In the last weeks, what was open water has begun to freeze, as the autumn air temperatures over the Arctic begin to fall. Although a considerable fraction of darker leads can still be seen in the area using ASAR, the AMSR-E sensor no longer shows openings.

ASAR is an active microwave instrument which sends periodic radar pulses toward the Earth and measures the signals return. AMSR-E is a passive microwave instrument which does not send radar pulses down but receives radiation naturally emitted from the Earth. Passive microwave data contain a certain amount of ambiguity in interpretation of ice types, particularly in mid summer during melting. However, this ambiguity is removed in high resolution active microwave data.
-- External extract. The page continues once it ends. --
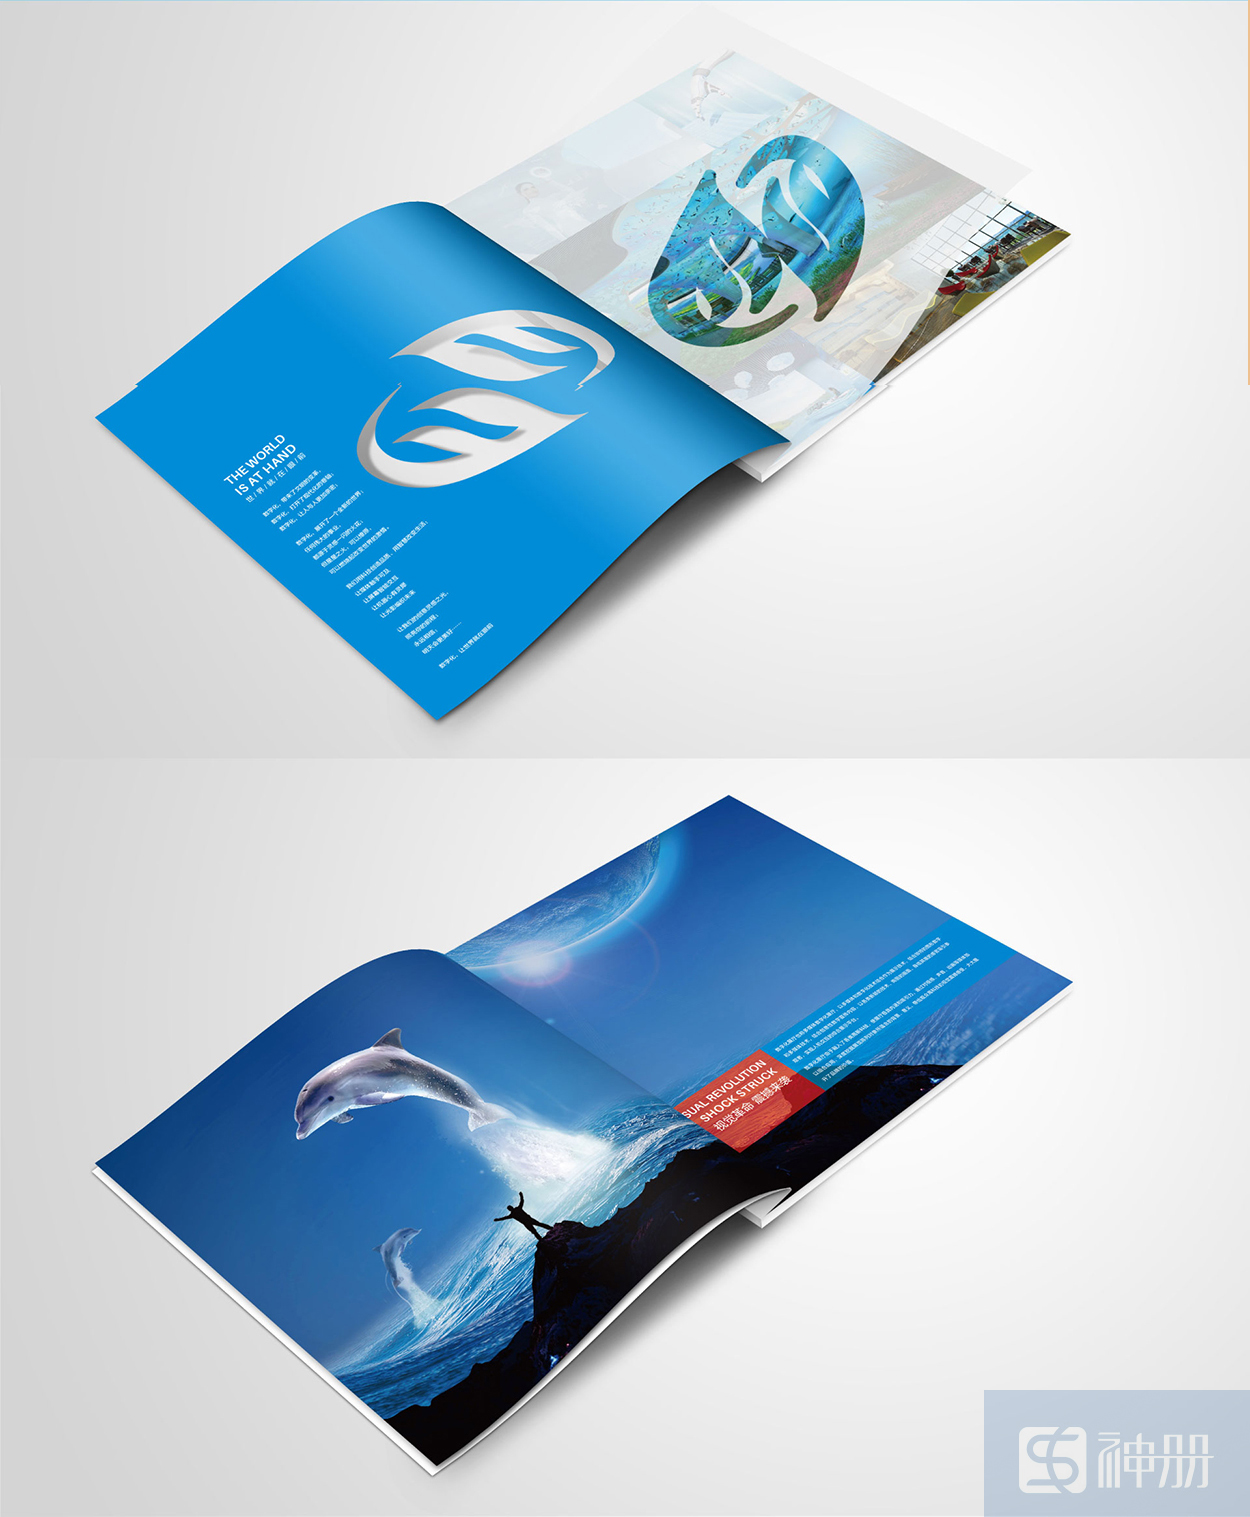 深圳led画册设计案例分享-神册设计公司

Though the reason for the considerable change in the ice pack configuration is still unknown, it is likely due to the stormy weather conditions in August that characterised the month.

The effect stormy conditions have on ice is illustrated in this ASAR image, taken on 25 August 2006, as the ice in the red circle is divergent as a consequence of a low pressure system centred on the North Pole.

"As autumn freeze-up begins, the current pattern will undoubtedly precondition the ice situation in the Central Arctic for the subsequent ice season," Drinkwater said.